Data relating to miscarriage are limited. There is some evidence that high doses of valproate (>750mg/day) may be associated with an increased risk of miscarriage, and some weak evidence that folate supplementation may offer a protective effect with doses of valproate <1,000mg/day. The currently available data do not provide reliable evidence of an increased risk of low birth weight or premature delivery following exposure to valproate during pregnancy. Data relating to stillbirth are too limited to assess risk and women should be made aware of the lack of information for this outcome.

Use of any centrally acting drug throughout pregnancy or near delivery may lead to poor neonatal adaptation syndrome (PNAS). There are reports of adverse neonatal symptoms following in utero exposure to valproate, although the absolute risk is unquantified. Withdrawal symptoms are likely to be more severe following exposure to more than one CNS acting drug. Delivery should therefore be planned in a unit with adequate neonatal facilities.

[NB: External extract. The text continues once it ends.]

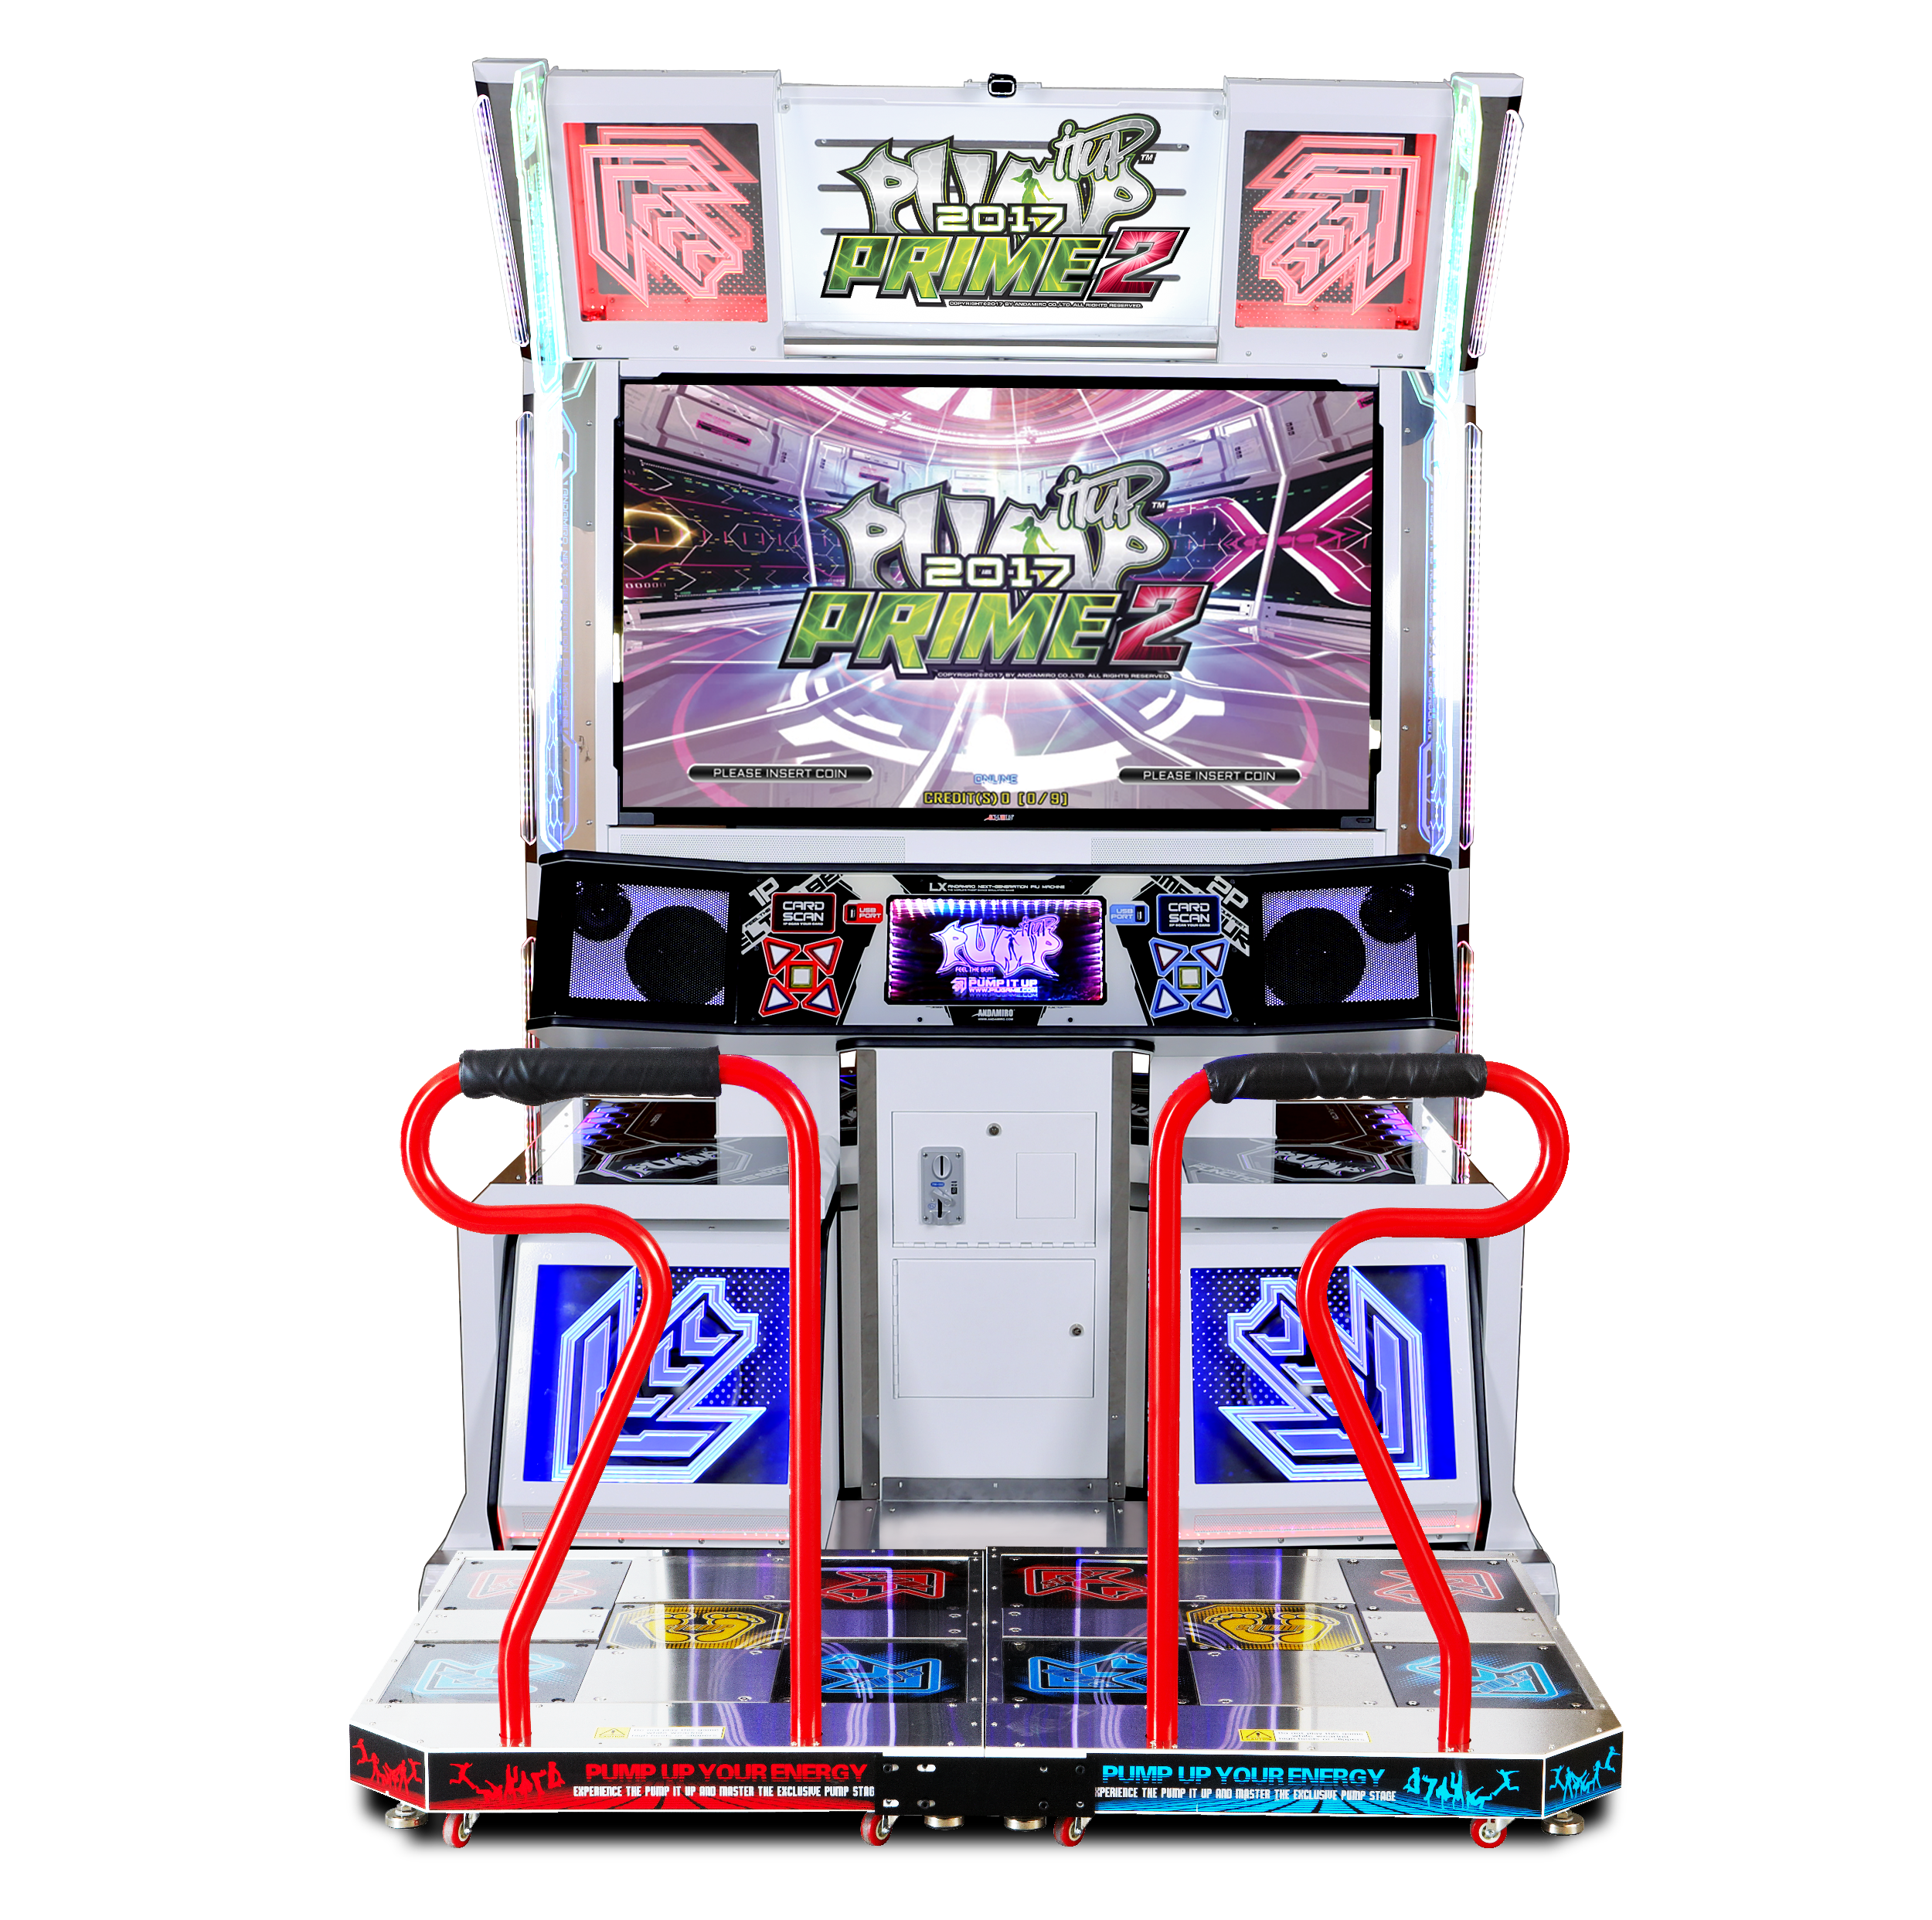 Pump It Up Prime2 (2017) Arcade Game - Andamiro USA

Sodium valproate impairs the production of the active metabolite of folate. It is therefore currently recommended that women who take valproate also take high dose folic acid (5mg daily) prior to conception and throughout the first trimester. Women should, however, be counselled that while folic acid helps to prevent NTD that may affect any pregnancy, there is currently no strong scientific evidence that folate supplementation protects against NTD and other congenital malformations or neurodevelopmental problems specifically caused by valproate.

Regular clinical review is indicated for pregnant women who continue treatment with valproate as plasma concentrations may change during gestation and doses may therefore need to be adjusted to maintain therapeutic levels.

Women exposed to valproate during early pregnancy should be offered detailed anomaly scans. Patients should also be counselled about the increased risk of adverse neurodevelopmental outcomes and the fact that these will not be detected by ultrasound examination. Other risk factors may also be present in individual cases which may independently increase the risk of adverse pregnancy outcome. Clinicians are reminded of the importance of consideration of such factors when performing case-specific risk assessments.